The generation device of the prediction model provided by the embodiment determines a target area and a target time unit to be predicted, and acquires a preset period; acquiring a data sequence of percentage of influenza-like cases of a target area in a plurality of time units before a target time unit; respectively delaying the influenza sample case percentage data sequence by 0-k order before and after a preset period according to the preset period and a preset order k to obtain 2k +1 data sequences; respectively calculating autocorrelation coefficients between the 2k +1 data sequences and the influenza sample case percentage data sequences, and determining a prediction period according to a lag sequence and the data sequence of which the first autocorrelation coefficient is greater than a preset threshold; and calculating model parameters according to the influenza sample case percentage sequence with the determined prediction period, and establishing an autoregressive integral moving average model as a prediction model according to the model parameters and the prediction period. When the data of the target time unit is predicted, the autocorrelation coefficients among the sequences are calculated after the data sequences before the target time unit lag behind a plurality of orders, a prediction period suitable for the current target time unit is further determined according to the autocorrelation coefficients, modeling is performed by using the prediction period, and the prediction accuracy of the autoregressive integral sliding average model is improved.

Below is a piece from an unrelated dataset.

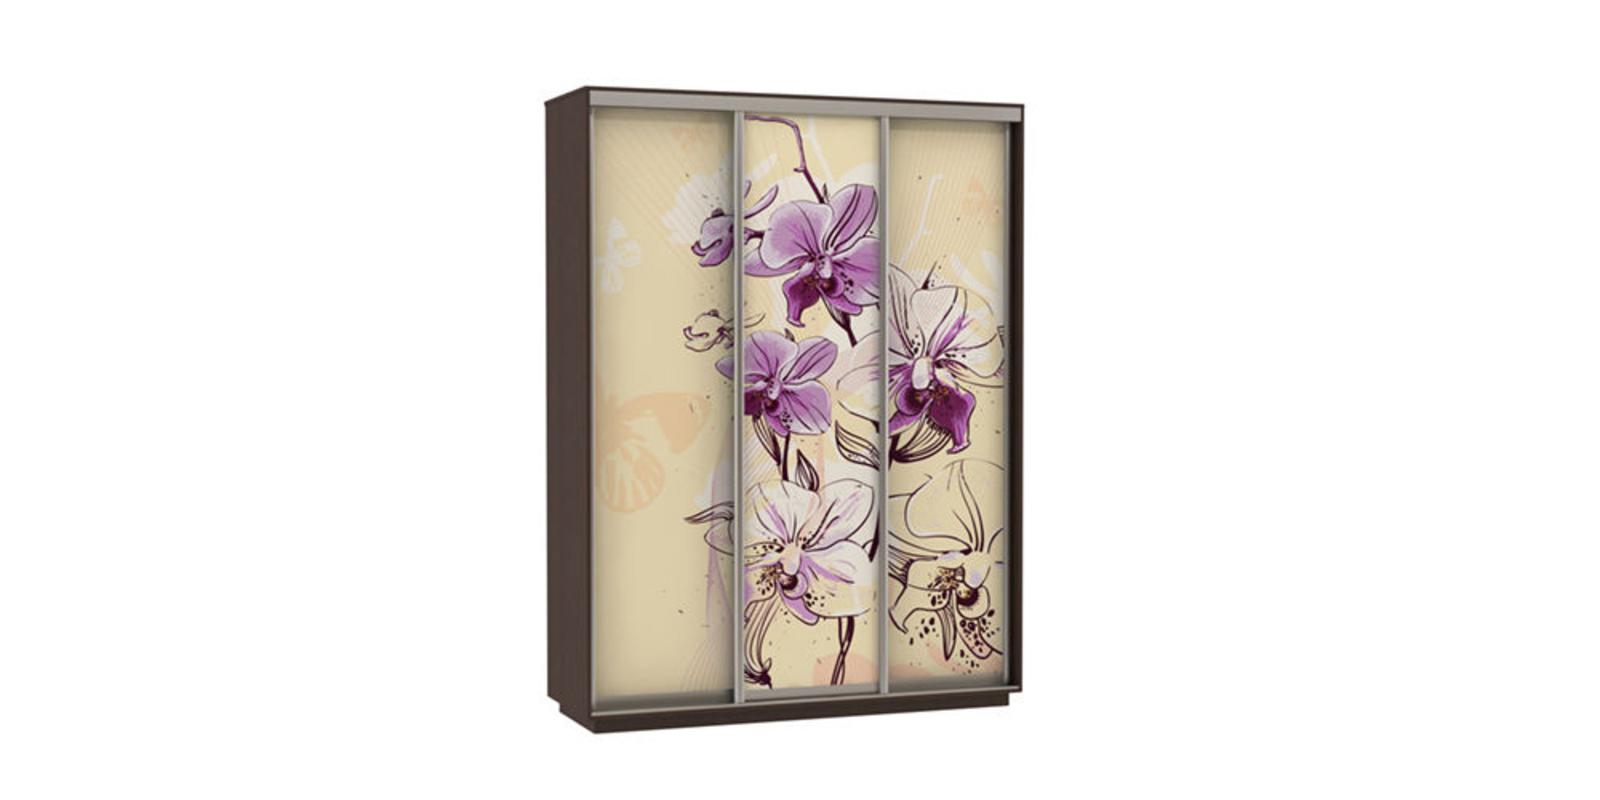 Шкаф-купе трехдверный Байкал 180 см (венге/орхидея)

Alternatively, in other embodiments, the model generating program may be divided into one or more modules, and the one or more modules are stored in the memory 11 and executed by one or more processors (in this embodiment, the processor 12) to implement the present invention, where the module referred to in the present invention refers to a series of computer program instruction segments capable of performing specific functions for describing the execution process of the model generating program in the prediction model generating device.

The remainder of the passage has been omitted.